When a band of veteran British rock musicians took to the stage with a different take on Bob Dylan's music at the weekend, they were so good someone in the crowd even shouted "Judas."

The reference to the infamous moment when Dylan turned electric was tongue-in-cheek. The musicians concerned make no pretensions about being acoustic folkies.

Slide guitar, driving bass and drums is what they are in this persona. More blow the house down than "Blowin' in the Wind."

The Dylan Project is fronted by Steve Gibbons, who like Dylan turned 70 earlier this year -- a happy coincidence given that he claims Dylan's music changed his life.

Gibbons is one of those musicians who is well known in certain die-hard music circles, making a critically successful career for years without achieving widespread celebrity.

The eponymous Steve Gibbons Band is said to be the first rock band from the West to have been invited to tour East Germany in the early 1980s when the Berlin Wall was still up. It has toured with The Who and shared the stage with a plethora of rock names.

But when friends got together to celebrate Gibbons's big birthday in Austria in July, it was The Dylan Project that tuned up.

The band is a side project for various musicians from the British folk-rock or roots-rock scene, notably bassist Dave Pegg of Fairport Convention and slide guitarist PJ Wright of Little Johnny England.

It plays Dylan. But it is no tribute band, more an homage to the man Wright describes as inventing rock music.

"We have our own take on Bob's songs.
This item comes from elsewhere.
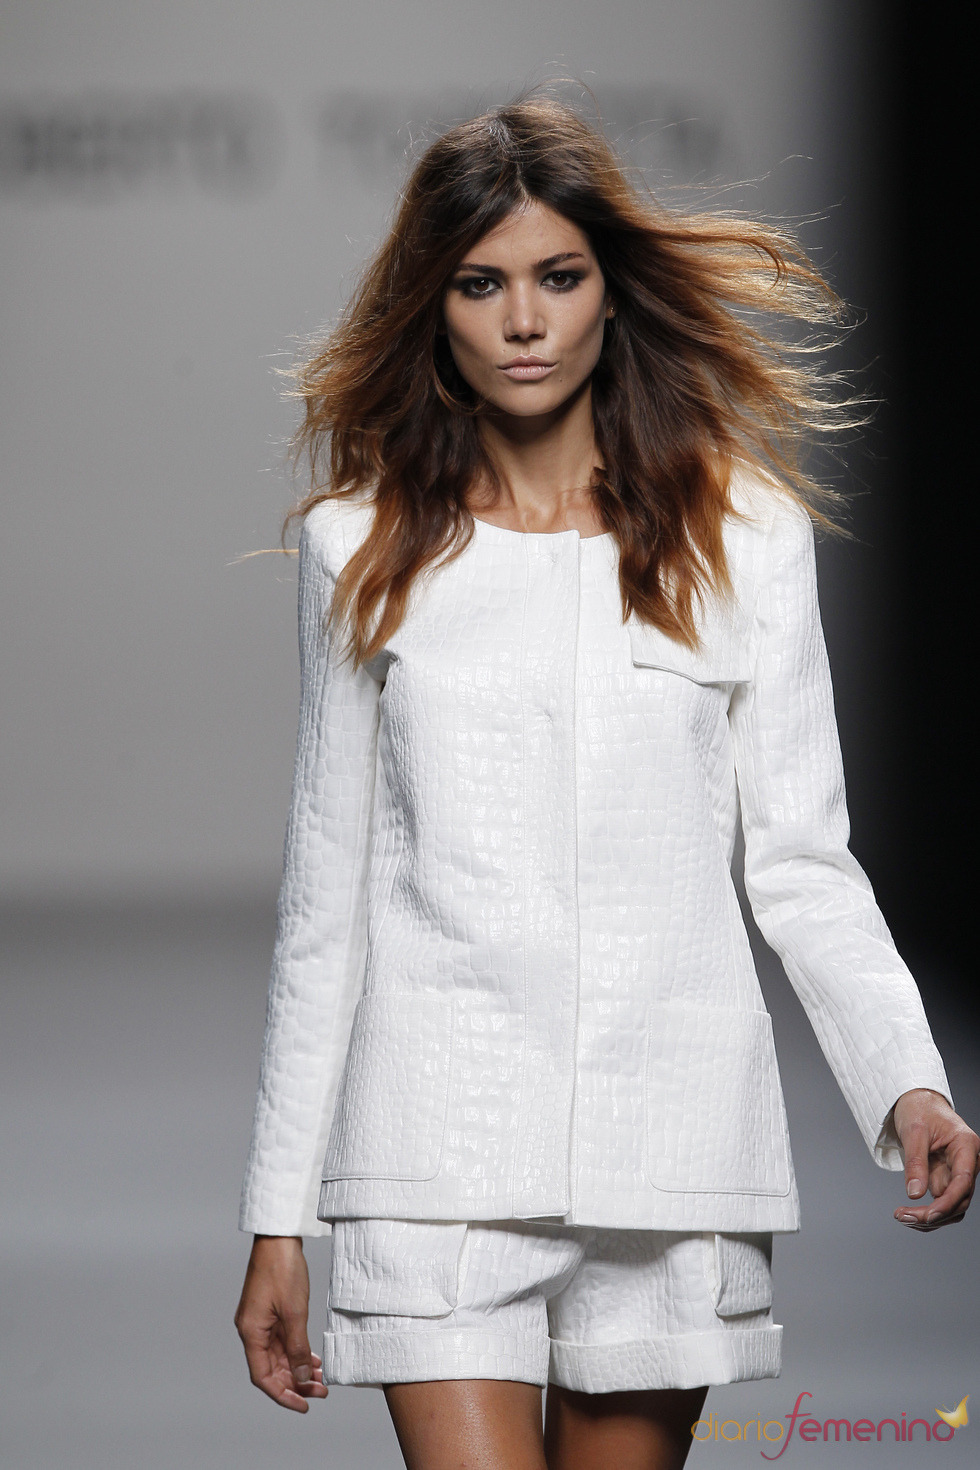 Conjunto blanco de Roberto Torretta para la primavera-verano 2011

We don't do core versions," Pegg said backstage after the Project played at his other band's annual Fairport's Cropredy Convention festival in rural north Oxfordshire.

That much was evident from the Cropredy set, a crowd-pleasing performance that focused on a lot of lesser-known Dylan numbers as well as the likes of "Highway 61 Revisited" and "Like a Rolling Stone."

Gibbons, it has to be said, can sound eerily like Dylan -- at least on the latter's good-voice days -- which threatens at times to slip into parody.

But the music overcomes any similarity.

Each song is an interpretation. The overall effect is jazzier and bluesier that the originals, exemplified by a particularly haunting "Ballad of a Thin Man."

The Dylan Project plays around a dozen gigs a year -- mainly in Britain and continental Europe -- and there appears to be no great desire to extend the touring.

This is mainly because it is a side project for the musicians, most of whom can afford to keep it that way.

"We do it for the craic," Wright said, using an Anglo-Irish expression for entertainment. "We do it for fun."